# You should invest in bitcoin.



## quantumzygomatics (Nov 18, 2019)

For he Right reasons. We should aim at destroying fractional Banking, We should put a halt at Governments devalueing our hard earned cash by hyperinflation to rid themselves of debt.

The current financial System is designed to fuck middle and working class out of their Money. Invest in Bitcoin. Familiarize yourself with blockchain Technology and it's Advantages. Advocate for Bitcoin and convince others. With this you have more power than you'll ever have by casting a vote and there's a good Chance you'll gain Wealth in the process.


----------



## Stingray (Nov 18, 2019)

Did it once. Got lucky. Not doing it again.


quantumzygomatics said:


> The current financial System is designed to fuck middle and working class out of their Money.

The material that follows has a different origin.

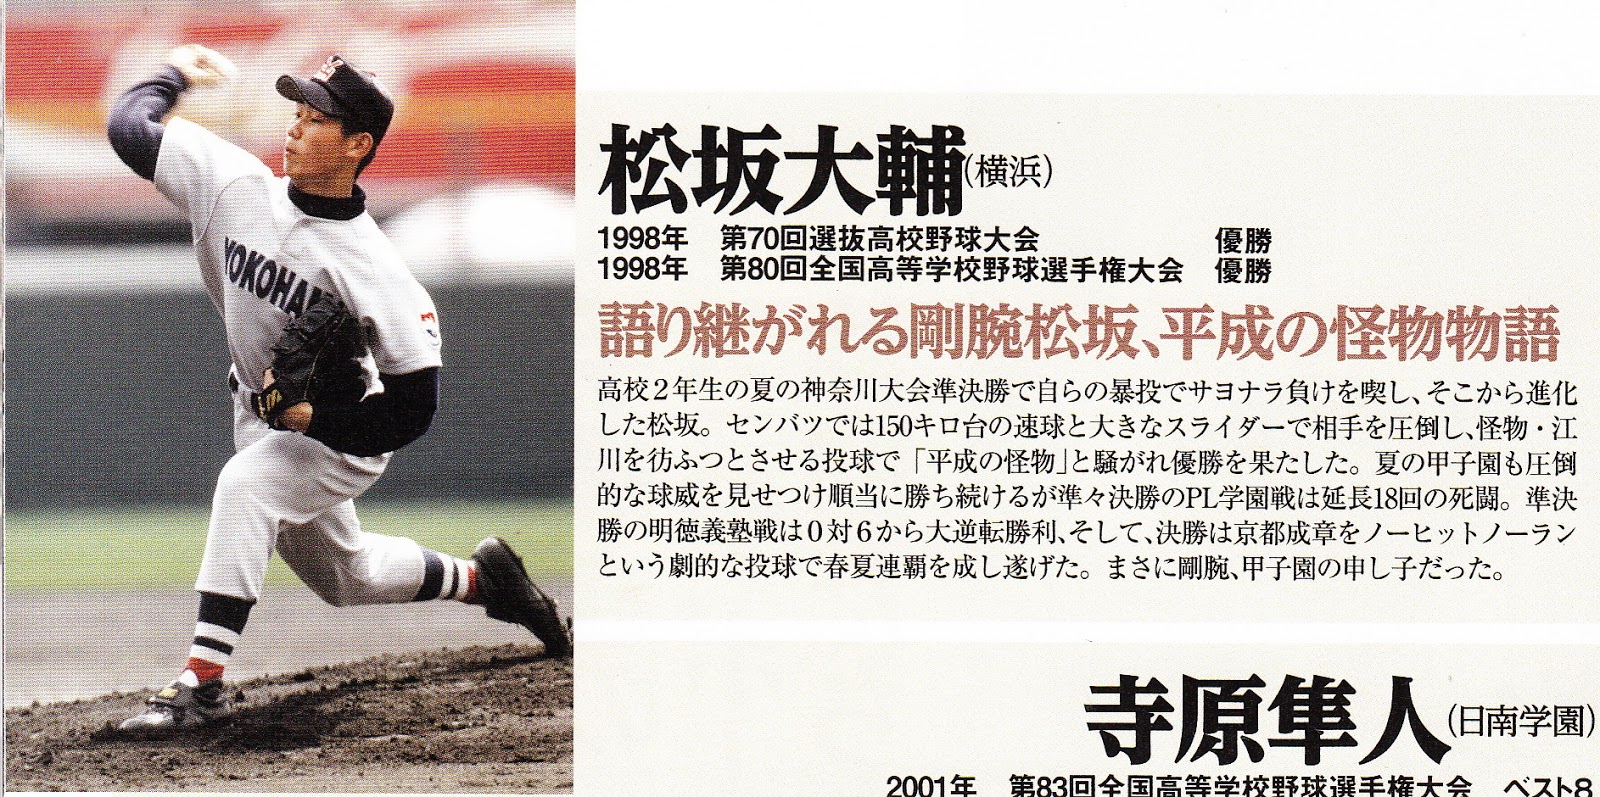 Japanese Baseball Cards Card Of The Week August 19

I agree. At this point credit is essentially free for the upper classes and essentially unavailable to those without money or creditworthiness.

People trust the government and obey the law. If bitcoin gained real traction and the government moved to criminalise it, values would plummet.


----------



## Deleted member 685 (Nov 18, 2019)

Fuck off


----------



## quantumzygomatics (Nov 18, 2019)

Stingray said:


> Did it once. Got lucky. Not doing it again.
> 
> I agree. At this point credit is essentially free for the upper classes and essentially unavailable to those without money or creditworthiness.
> 
> People trust the government and obey the law. If bitcoin gained real traction and the government moved to criminalise it, values would plummet.



Gold was outlawed 3x in the history of the US, didn't work either. Value would plummet in the short term...


----------



## Stingray (Nov 18, 2019)

quantumzygomatics said:


> Gold was outlawed 3x in the history of the US, didn't work either. Value would plummet in the short term...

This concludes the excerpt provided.